Your objective:
Would you transcribe the line that holds "gold heart pendant", plus every line beneath it through the end of the data, exactly and with nothing added?

Exercise data:
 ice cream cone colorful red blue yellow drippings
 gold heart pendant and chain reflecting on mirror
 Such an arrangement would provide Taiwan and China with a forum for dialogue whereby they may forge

Exercise output:
 gold heart pendant and chain reflecting on mirror
 Such an arrangement would provide Taiwan and China with a forum for dialogue whereby they may forge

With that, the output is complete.